As the dissent pointed out, Obamacare will necessitate that insurance companies increase their premiums in order to survive – but as its premiums are already inflated, it is likely to price itself out of the reach of the average citizen. (The analogy would be to government mandates that automobile companies sell only electric cars that are better for the environment. But the cost of those cars is today prohibitive – even considering the government subsidies one receives to buy them – and if made a universal requirement would simply drive people away from buying cars.) Thus, whether the mandate taxes or penalizes, governments’ heavy hand intrudes on private conduct that undermines the proper relationship of government and governed.
The issue of penalty v. tax is more than semantics. It goes to the heart of congressional intent in the legislation itself. While Congress has the “power” to tax, the question here is whether it used that power in this legislation. By its own admission, it did not – so how could the Court construe it as such ? The dissent: “In a few cases, this Court has held that a “tax” imposed upon private conduct was so onerous as to be in effect a penalty. But we have never held—never—that a penalty imposed for violation of the law was so trivial as to be in effect a tax.” Almost by definition, a “tax” is never an exaction for unlawful activity but a predictable source of revenue for traditional activity. An exaction for “unlawful activity” – such as failure to buy health insurance – is by definition a “penalty.” Except by the Supreme Court’s awkward and contrived definition.
And the dissenters are clear keen to the politics: “For all these reasons, to say that the Individual Mandate merely imposes a tax is not to interpret the statute but to rewrite it. Taxes have never been popular. .and in part for that reason, the Constitution requires tax increases to originate in the House of Representatives. That is to say, they must originate in the legislative body most accountable to the people, where legislators must weigh the need for the tax against the terrible price they might pay at their next election, which is never more than two years off. “
Here, the Court gave that feckless Congress a pass, even with the vengeance enacted upon the legislators in the 2010 elections.

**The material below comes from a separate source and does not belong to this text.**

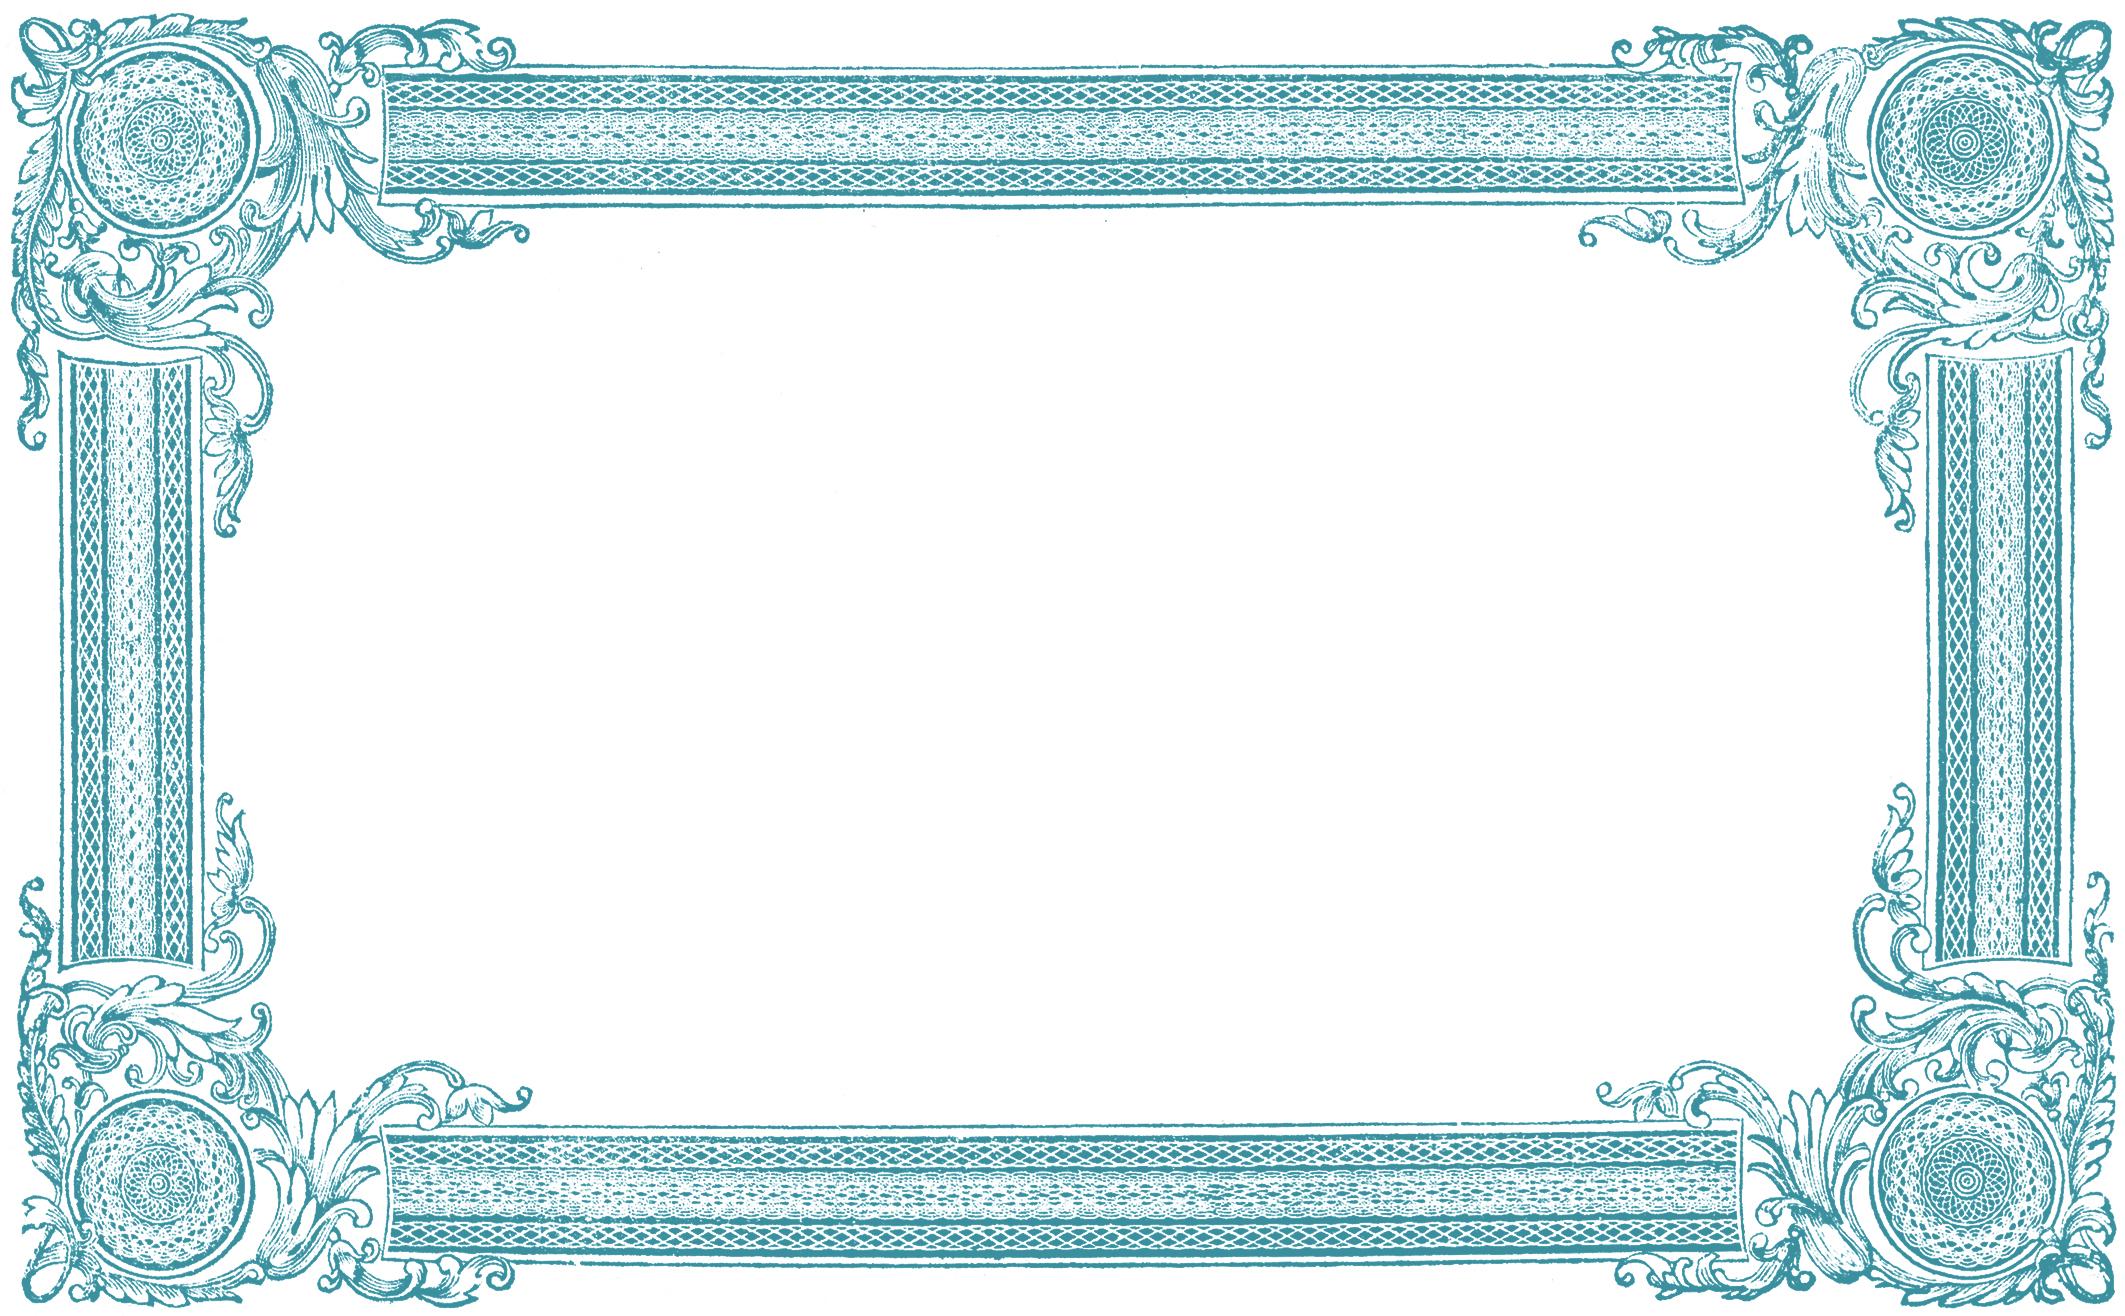 Free clip art frames - Clipar - Free Clipart Frames

“The Court regards its strained statutory interpretation as judicial modesty. It is not. It amounts instead to a vast judicial overreaching. It creates a debilitated, inoperable version of health-care regulation that Congress did not enact and the public does not expect. It makes enactment of sensible health-care regulation more difficult, since Congress cannot start afresh but must take as its point of departure a jumble of now senseless provisions, provisions that certain interests favored under the Court’s new design will struggle to retain.”
In retrospect, Nancy Pelosi was right. She said during the debate that “we have to pass the law to know what is in it.” Even she didn’t realize how correct she was. It took the Supreme Court to expose the tax increase that is at the heart of Obamacare that, along with diminished coverage and increased costs for all, will be its legacy until it is repealed.
Now is the time to hold Obama and the Democrats accountable for this outrage. The President will undoubtedly trumpet the mandate’s constitutionality, but completely ignore that his theory of constitutionality was explicitly rebuffed. And Congress’ public standing should further decrease, although at 10% approval, it doesn’t have that far to fall.
This will be a net loss for Obama politically. Obamacare’s unpopularity will skyrocket as the terms “Obamacare” and “tax” begin to merge in the public mind. It would be fitting if this convoluted and strained decision, a temporary victory, advances and assures his defeat.
ObamaCare has been declared constitutional, but that does not give the USA the money to pay for it.